Try it:
In the data below, find the line with "An exceptional, fine" and the line with "Features Case Study: ANP", then restate both and every line between them exactly, minus the pictures.

Available data:
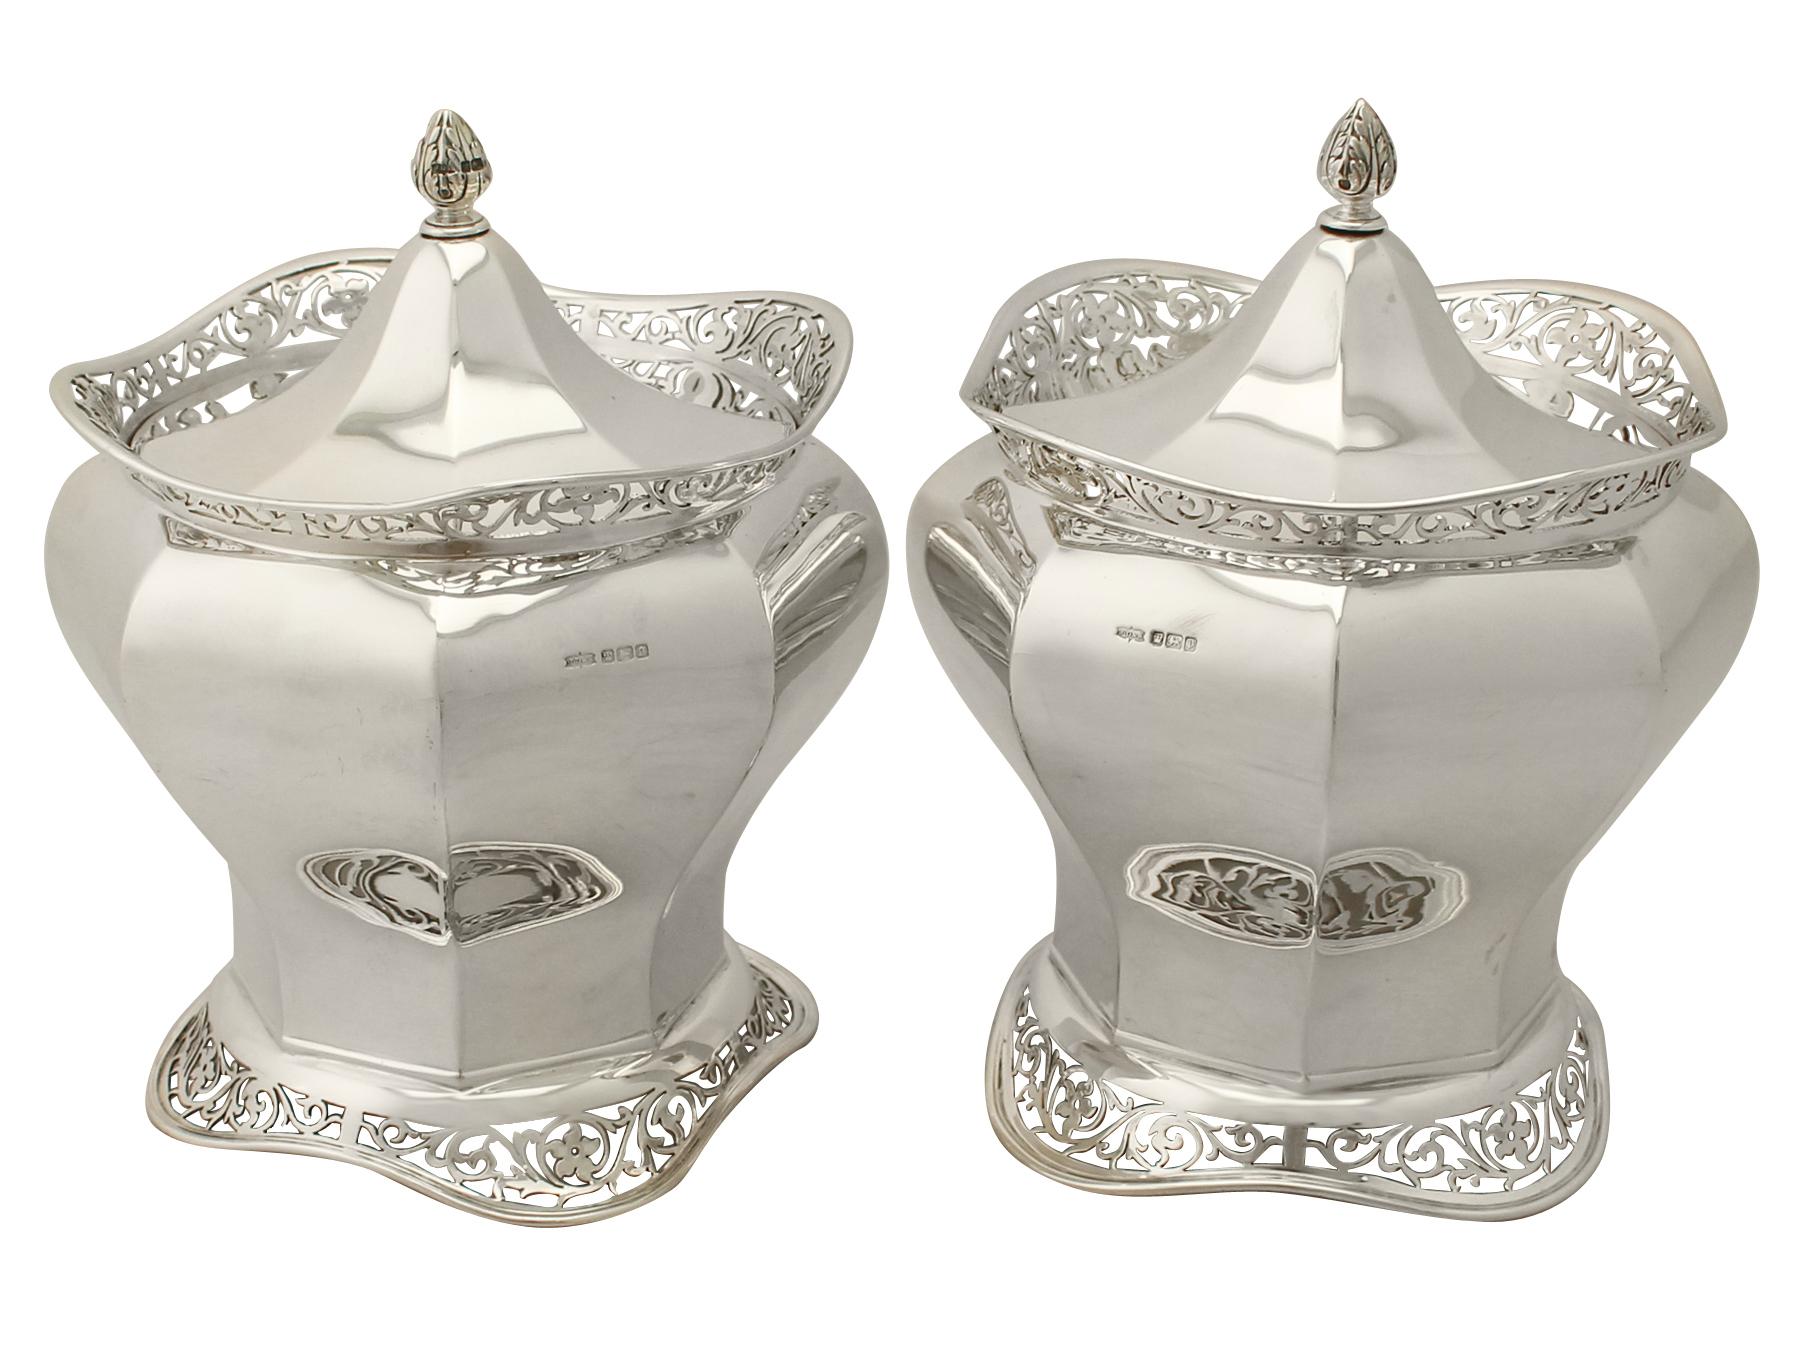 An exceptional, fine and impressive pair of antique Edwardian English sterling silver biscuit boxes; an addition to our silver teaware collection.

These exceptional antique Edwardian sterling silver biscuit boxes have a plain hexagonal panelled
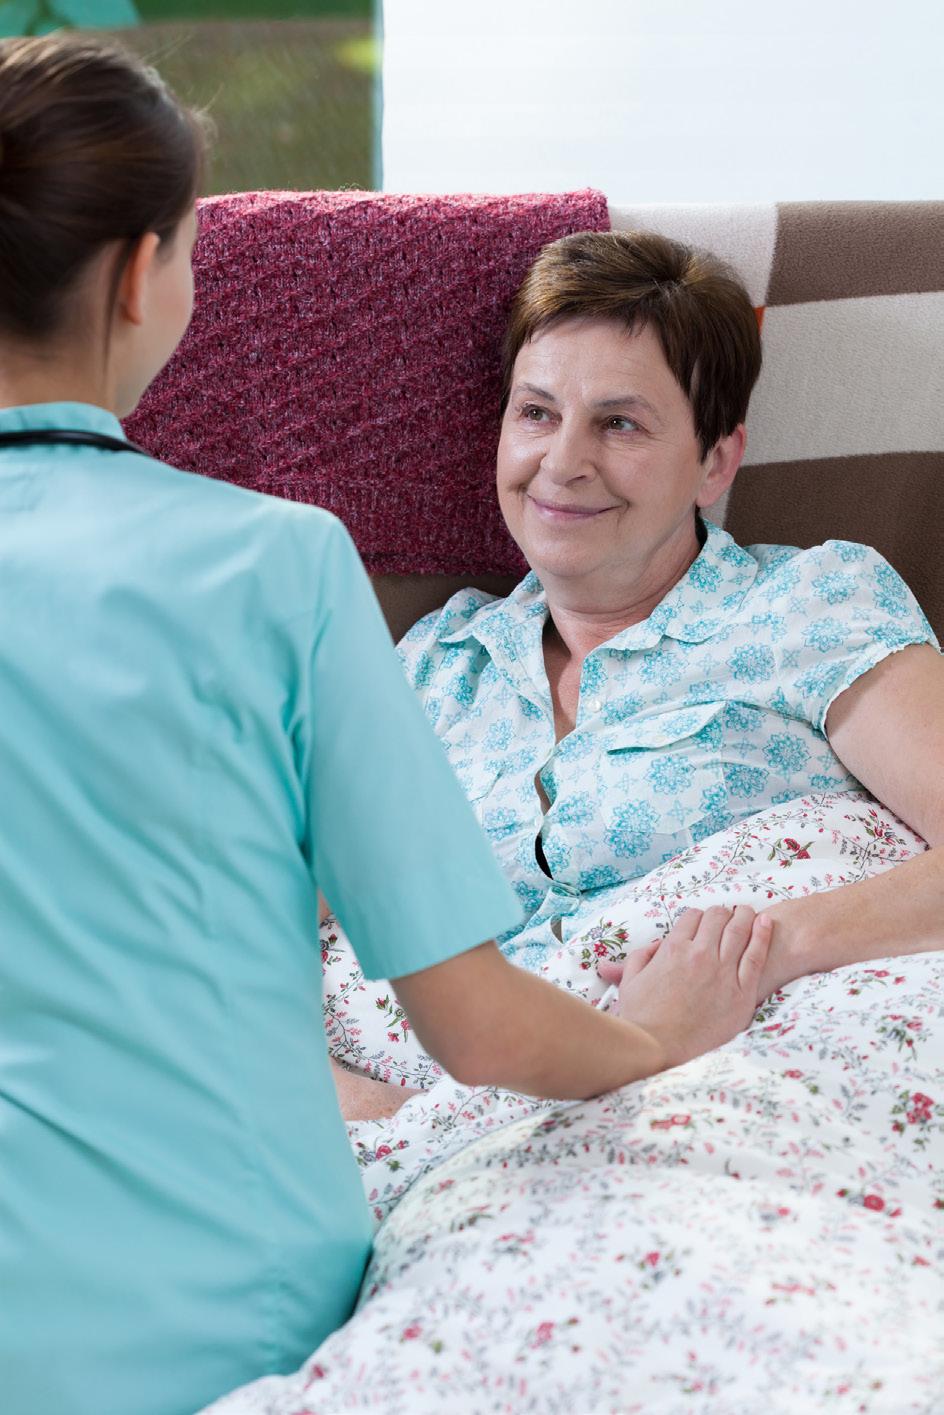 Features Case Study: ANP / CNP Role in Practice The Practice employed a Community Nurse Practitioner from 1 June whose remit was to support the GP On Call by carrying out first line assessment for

---

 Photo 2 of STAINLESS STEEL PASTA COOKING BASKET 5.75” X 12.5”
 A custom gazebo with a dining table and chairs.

Exercise result:
 An exceptional, fine and impressive pair of antique Edwardian English sterling silver biscuit boxes; an addition to our silver teaware collection.

These exceptional antique Edwardian sterling silver biscuit boxes have a plain hexagonal panelled
 Features Case Study: ANP / CNP Role in Practice The Practice employed a Community Nurse Practitioner from 1 June whose remit was to support the GP On Call by carrying out first line assessment for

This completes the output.